| Activity |
Find the line containing "Program Pro-mini Using Uno (Arduino Basics)" in the listing below; reproduce it and every line after, exactly. Skip pictures.

| Input data |
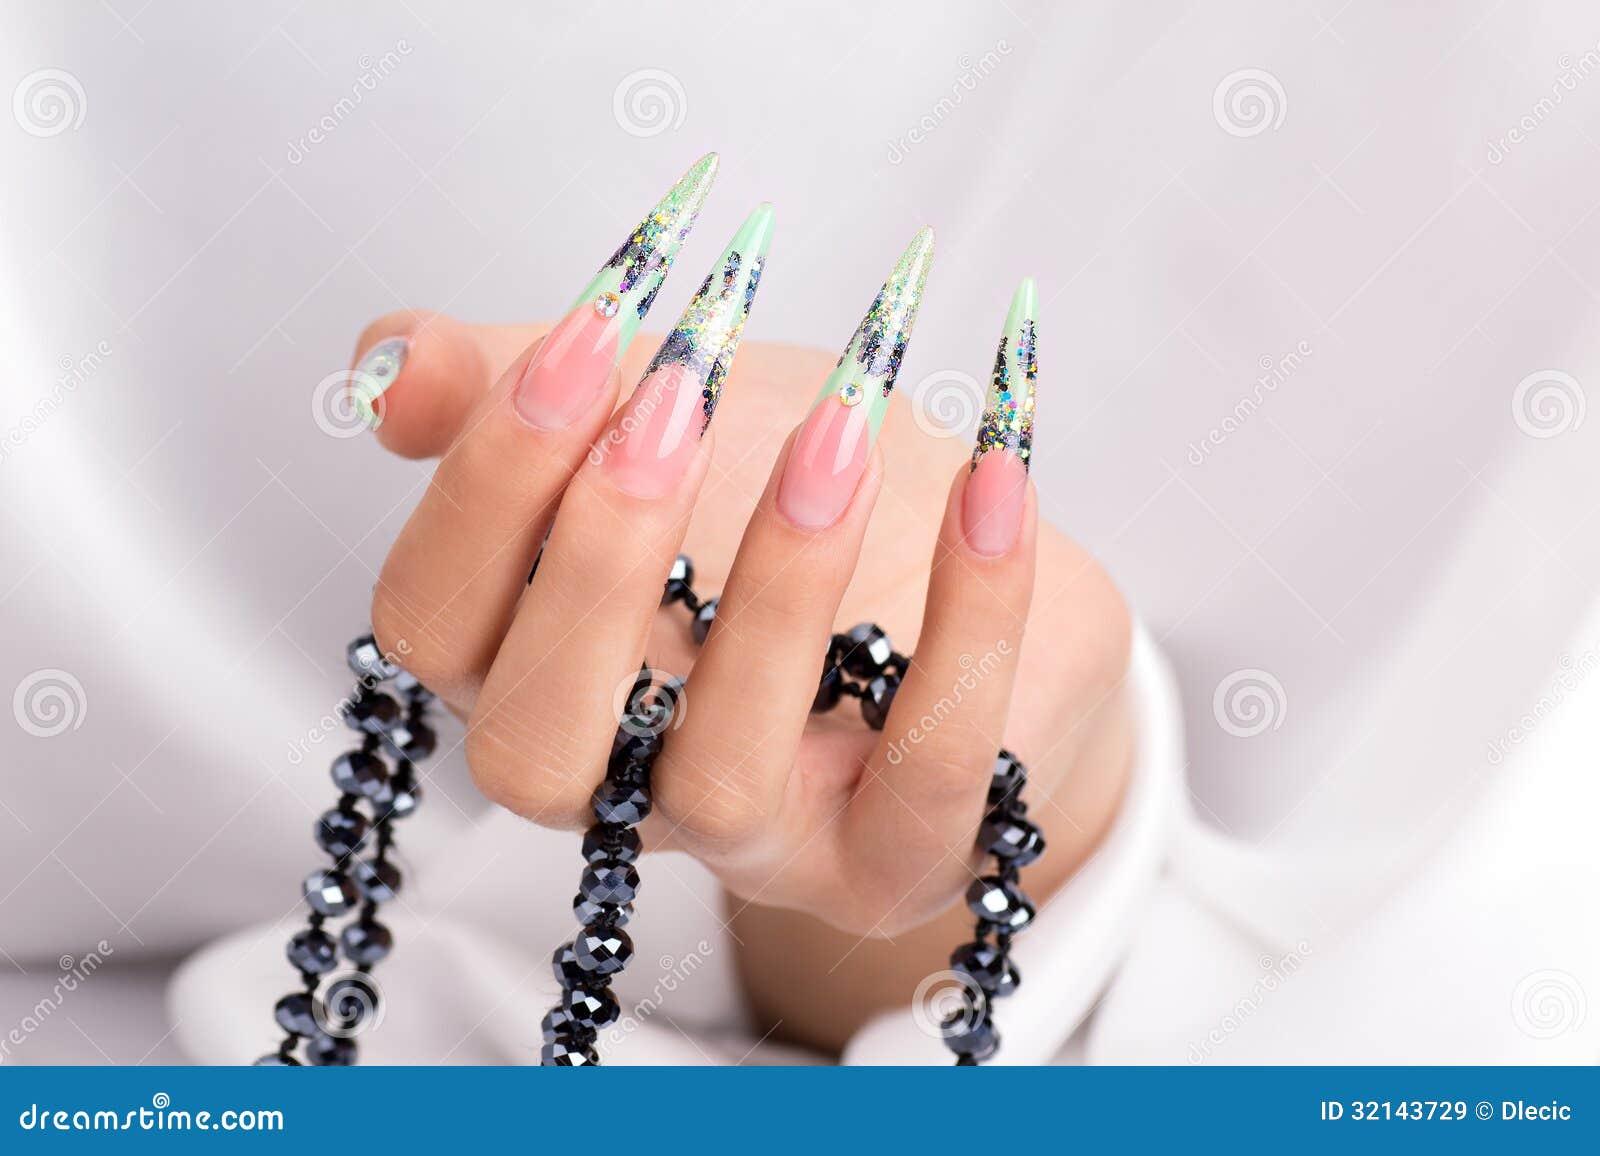 Beautiful Polished Nails Stock Image Image Of Event 32143729
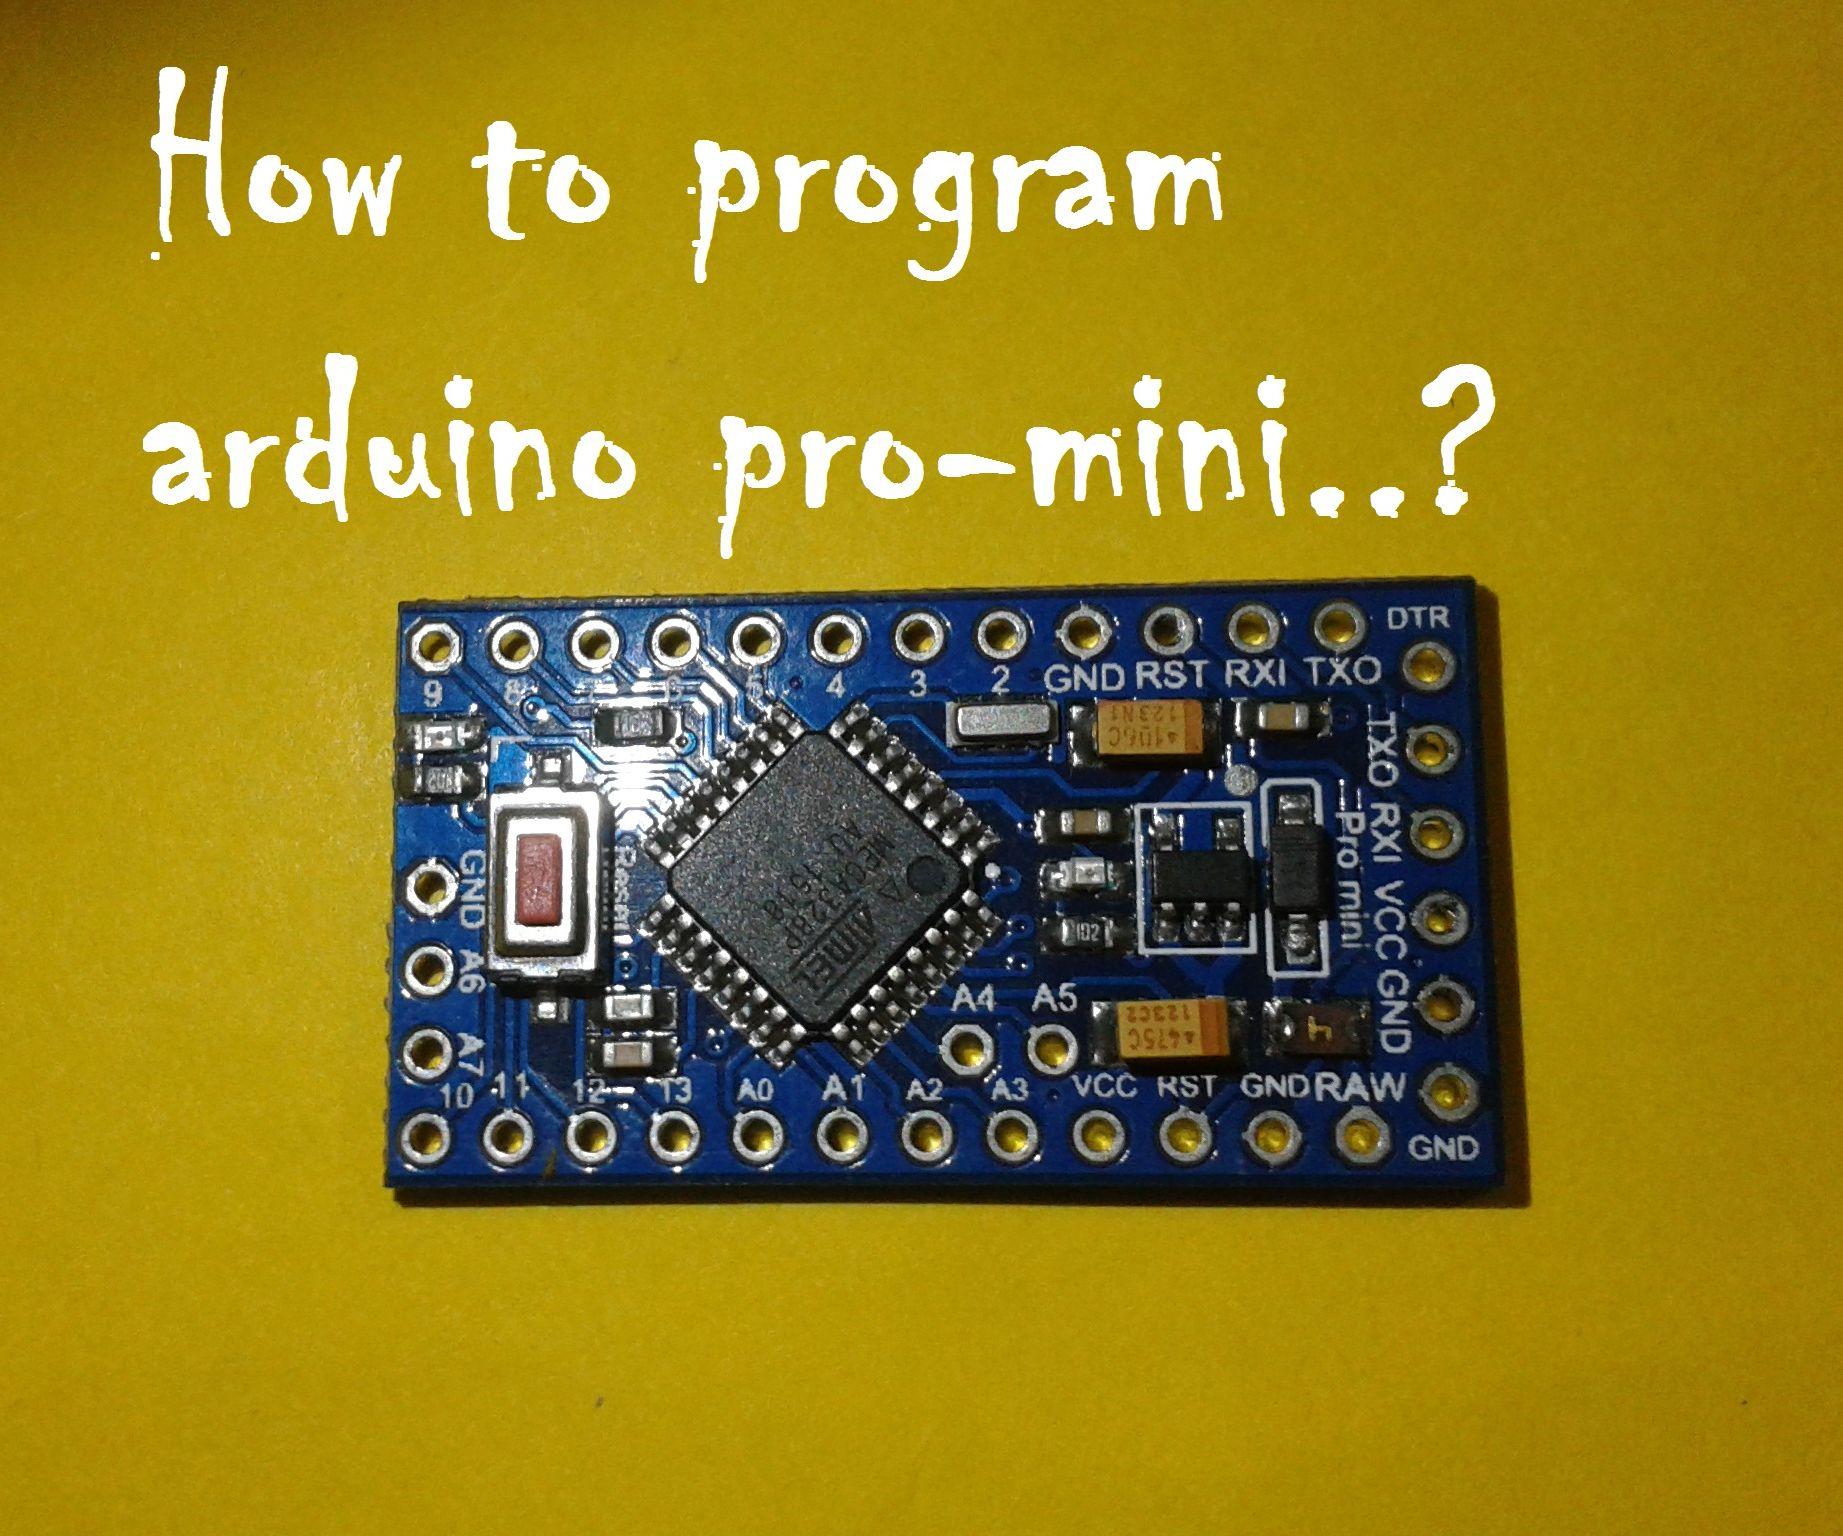 Program Pro-mini Using Uno (Arduino Basics)
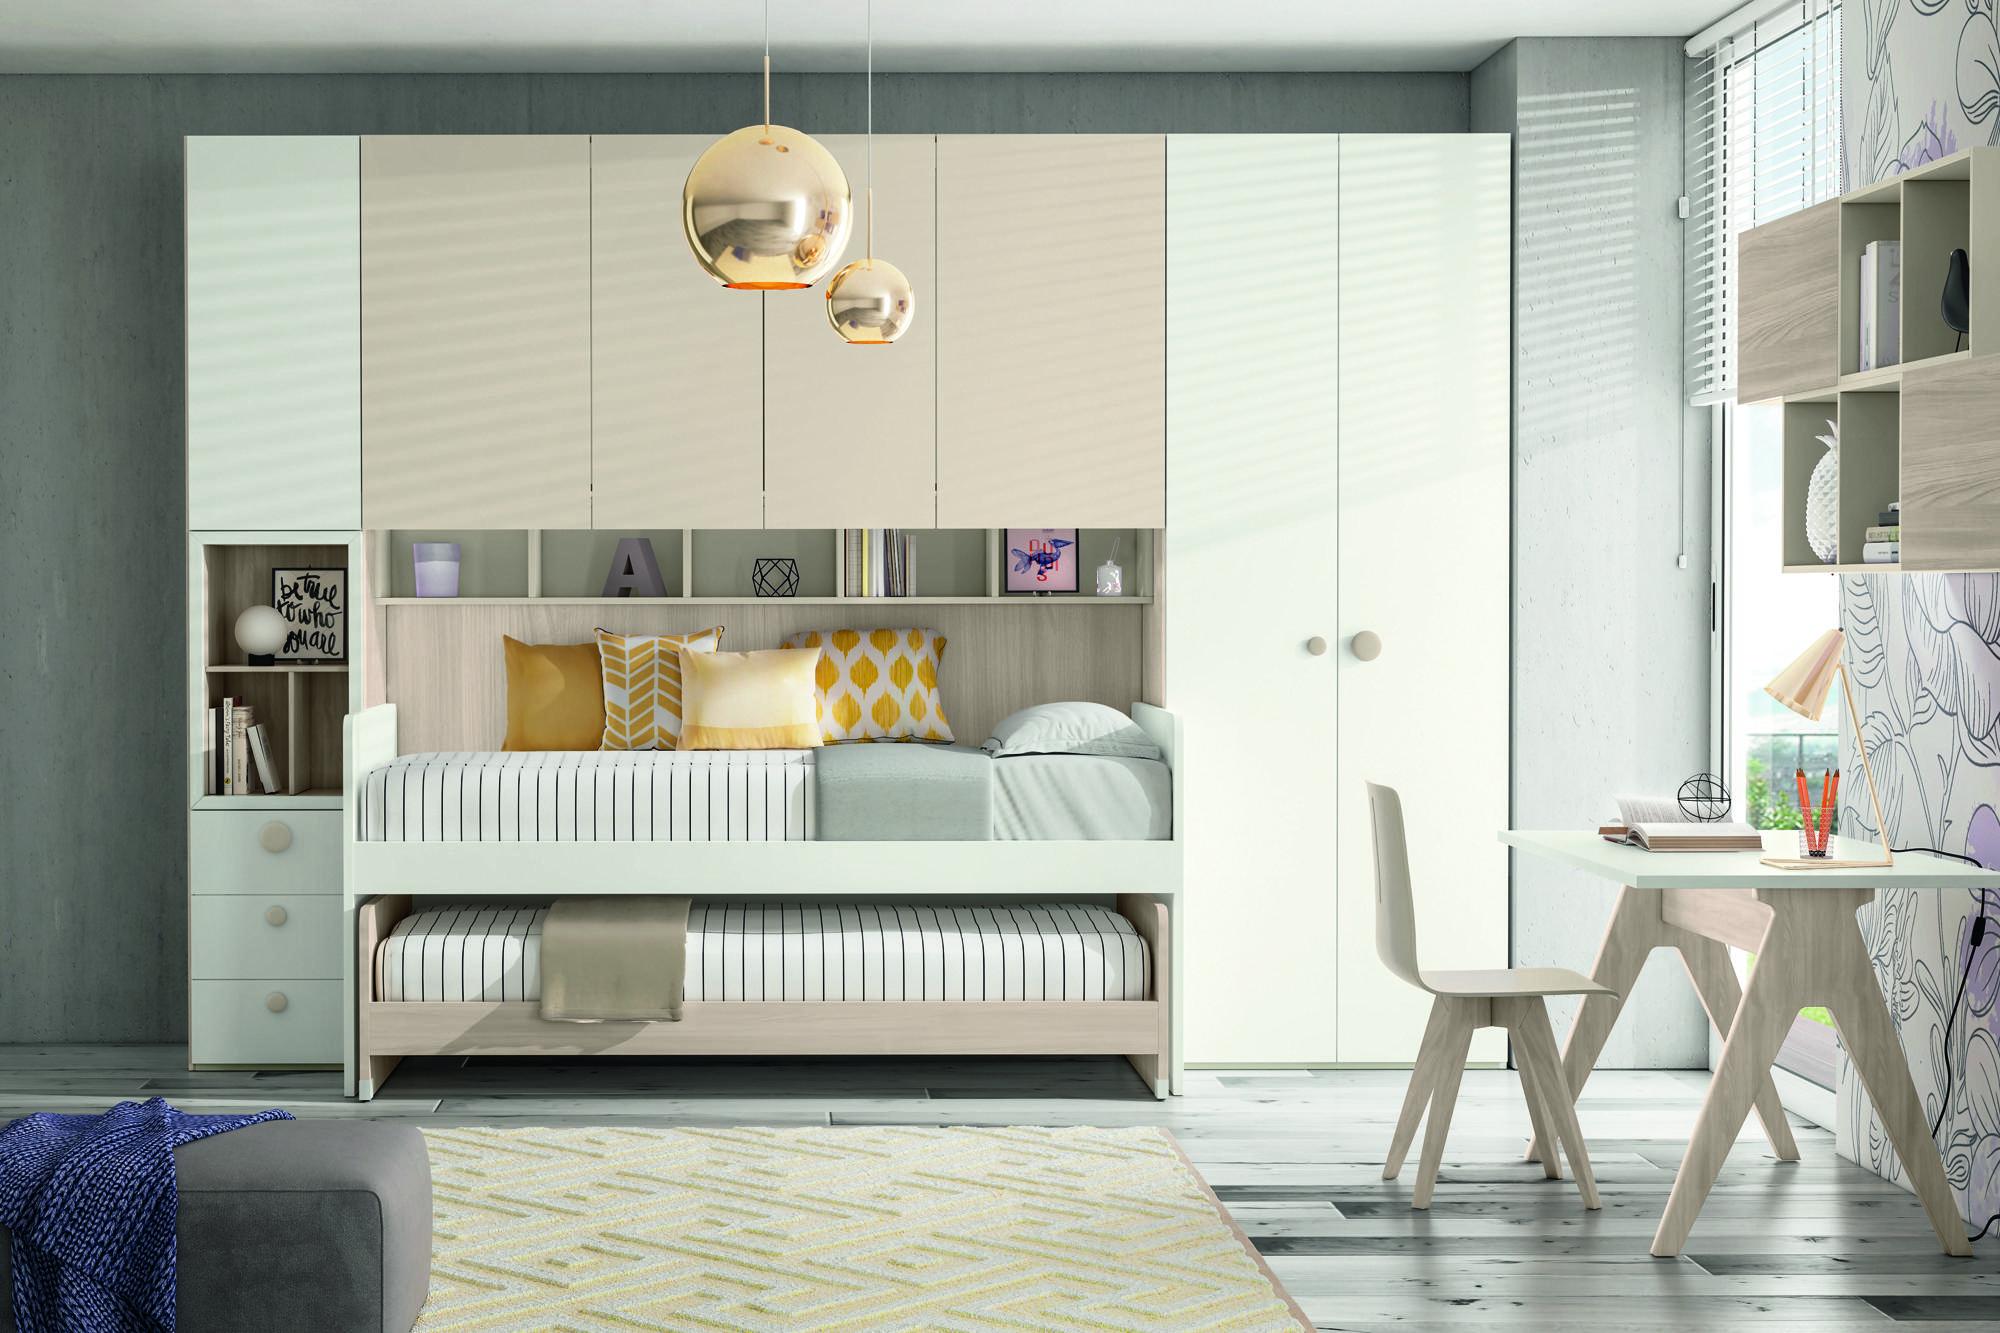 Vendita mobili online - cameretta componibile moderna ...

| Solved problem |
 Program Pro-mini Using Uno (Arduino Basics)
 Vendita mobili online - cameretta componibile moderna ...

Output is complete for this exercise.